In doing so, we can set expectations on what ‘good’ looks like from an investor’s perspective. We can also influence the behaviour of a carbon-intensive company or challenge a firm when its actions to deliver on a carbon target seem insufficient.
As shareholders, we can also express approval or disapproval of corporate policies by casting our votes during shareholder meetings.
Investors can act individually or collectively. Discussions can be held behind closed doors or made public. Different approaches have their advantages and disadvantages.
However, we believe that divesting from a holding should only be done as a last resort – once all other avenues have been exhausted – as investors lose all influence once they walk away.
3. Allocate capital to credible transition leaders
Financing the energy transition is as much a responsibility for the private sector as it is for governments and the public sector.
Once investors have a clearer idea of which companies are energy-transition leaders, we’re in a better position to help channel investments to those firms that want to be part of the solution.
Credible transition leaders are companies that have set ambitious emissions reduction targets, want to innovate and transform their businesses, and lead by example within their sectors.
As such, they are more likely to avoid the risks associated with the energy transition and take advantage of the opportunities. Our climate credibility framework helps us identify those credible leaders across sectors.
Many investment opportunities will be in emerging markets. The International Energy Agency and World Bank estimate that some 70% of the capital needed for the clean energy transition must go to developing countries.

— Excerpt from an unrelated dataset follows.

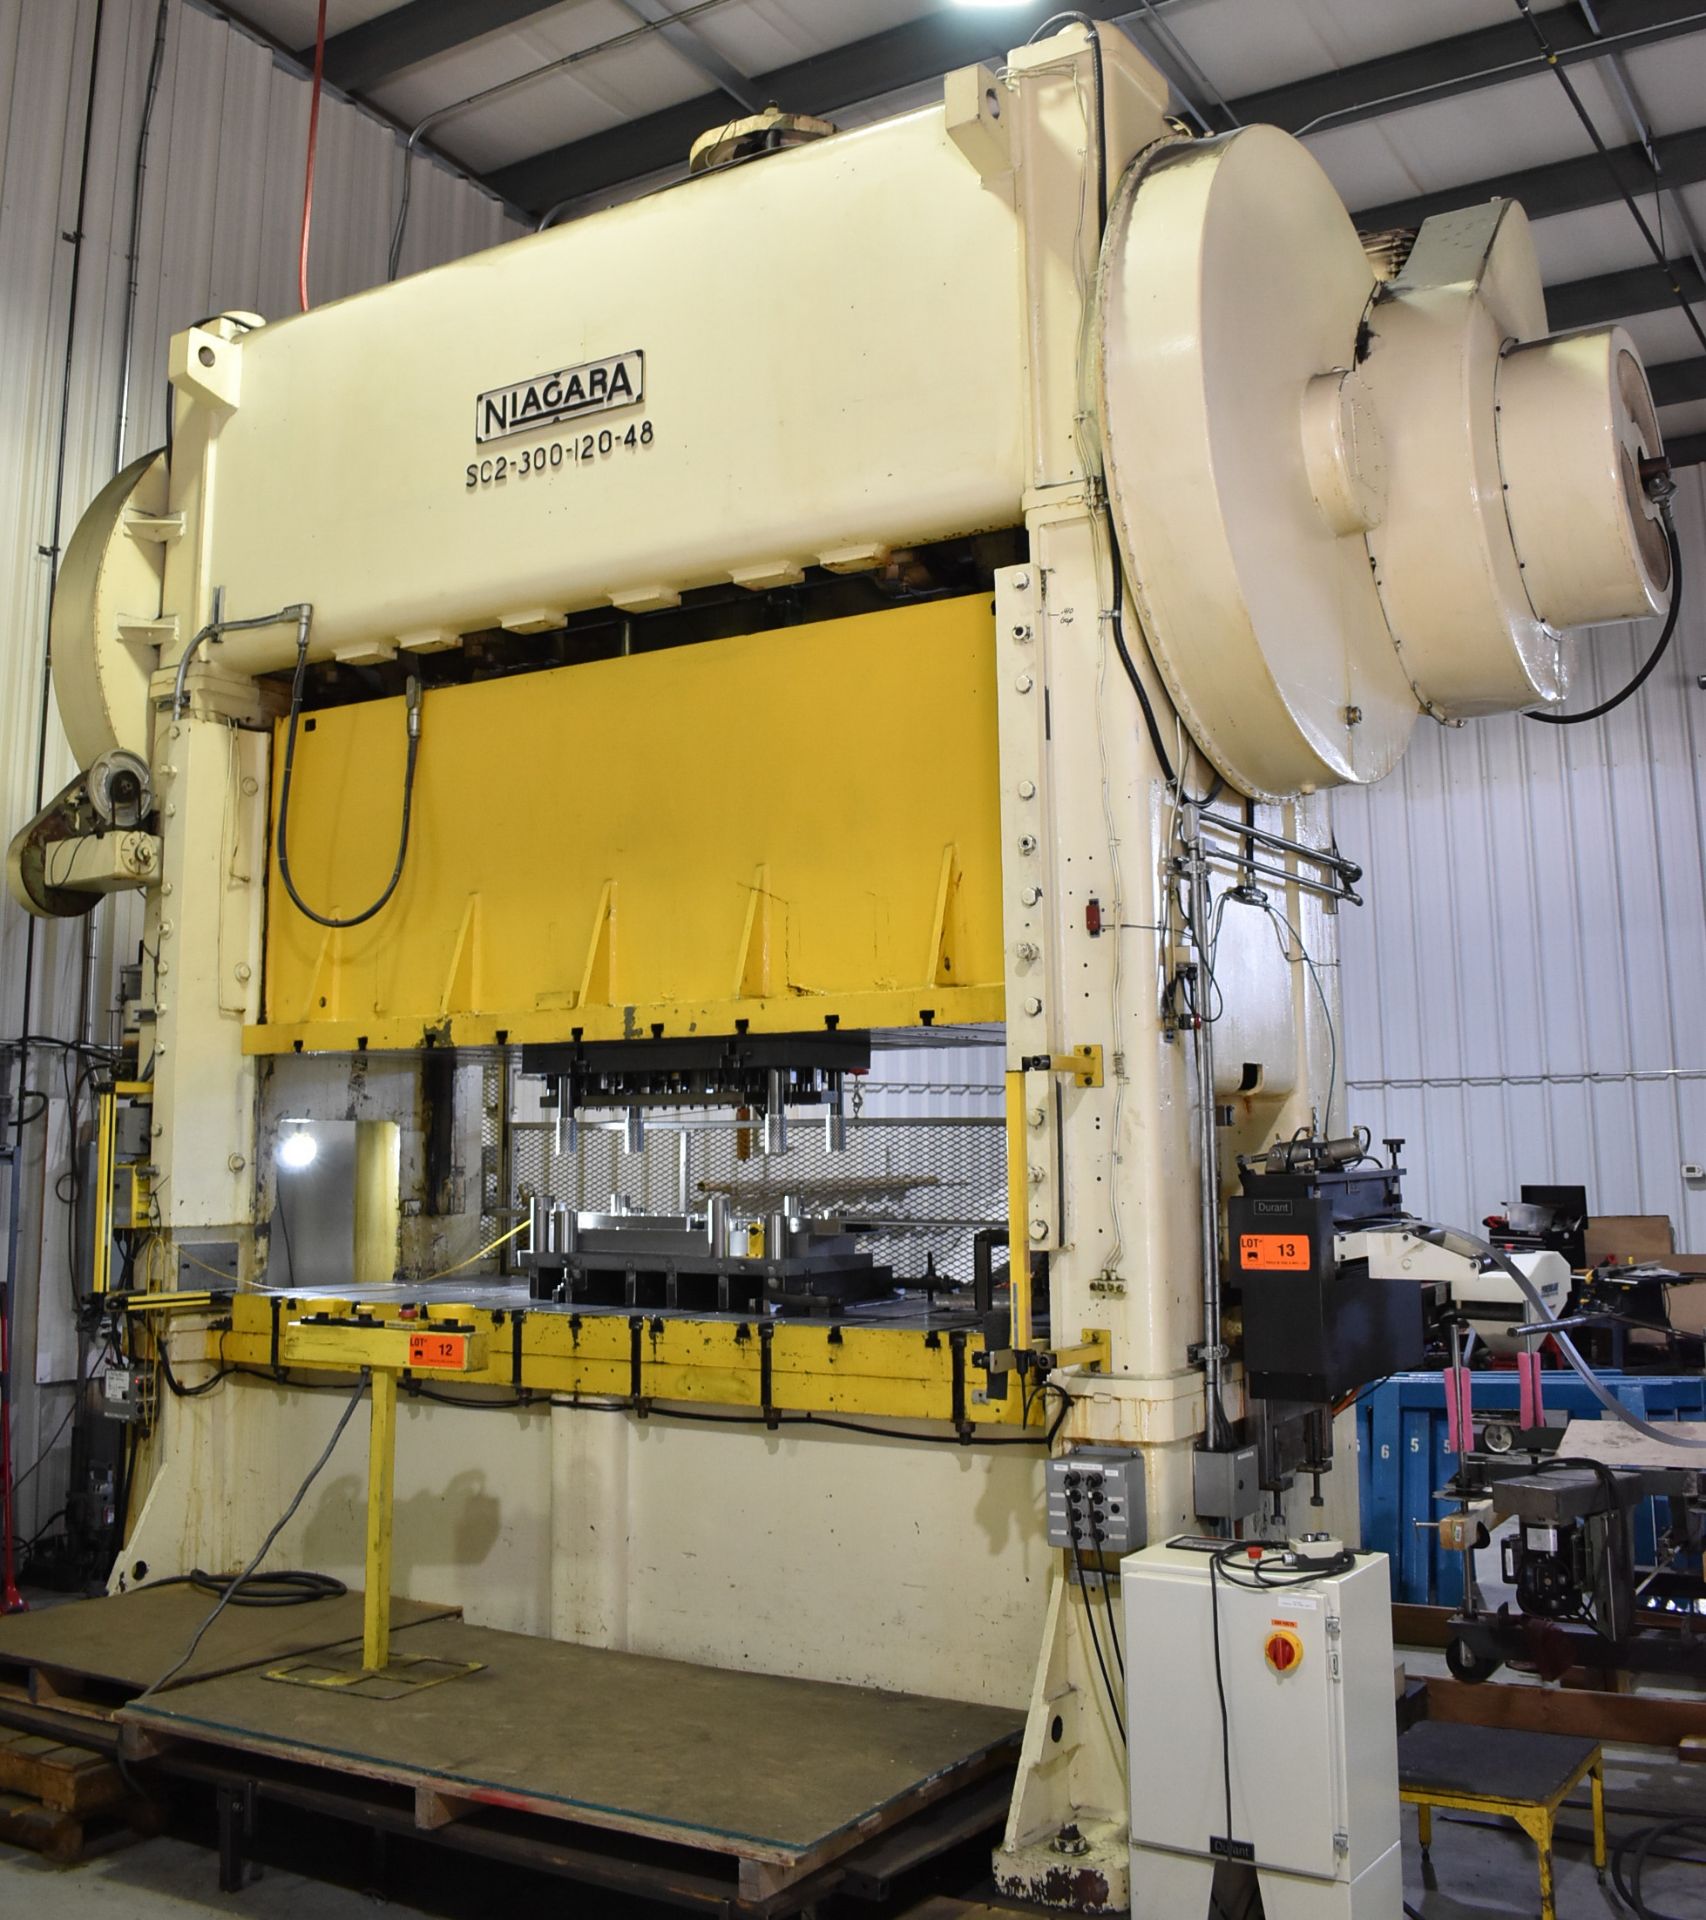 NIAGARA SC2-300-120-48 300 TON CAPACITY MECHANICAL DOUBLE CRANK STRAIGHT SIDE STAMPING PRESS WITH

4. Take a forward-looking view through climate scenario analysis
Climate scenario analysis models the financial impact of different climate outcomes – based on different levels of climate policy ambition and alternative pathways of technology development.
For example, our bespoke climate scenario approach builds plausible climate pathways by reflecting different policies across sectors and regions – highlighting the extent of policy gaps.
Assigning probabilities to each scenario helps us assess how likely the world is to meet the Paris objectives, as well as identify which path we’re most likely following.
The climate credibility gap between national-level pledges and binding action is reflected in our ‘mean’ scenario – which points to temperature increases above 2°C. With global emissions still rising, we assign very small probabilities to net-zero scenarios.
Climate scenario analysis provides data that can be used to monitor net-zero progress at a micro and macro level, understand the financial impacts of longer-term climate risks and opportunities and identify priorities for further action.
This is important for investors because national policies need to provide the right signals and incentives to help promote capital allocation in line with net-zero goals, encourage corporate decarbonisation and incentivise investment.
5. Promote policy advocacy and engagement
As investors, we have a voice that we can use to advocate for positive change. We can do this at the company level, and we can do this at an industry or national level.
Our research, as well as our involvement in developing industry best practices, puts us in a good position to discuss with policymakers the incentives needed to attract capital and enable net zero at the pace required. Carbon pricing is an important example of one incentive.
At abrdn, we’re also in a position to monitor the progress made towards those goals; for example, through our climate policy index. Where there’s a shortfall, we can identify what more needs to be done.
We’re a signatory to the Global Investor Statement on stronger climate action, which is a powerful platform from which investors can urge governments to close the gap between climate ambition and credible action.
We attend the annual United Nations climate conferences, such as Cop27, which bring together organisations, policymakers and investors. It’s our ethical and fiduciary duty to speak up and be vocal about issues that need to be addressed.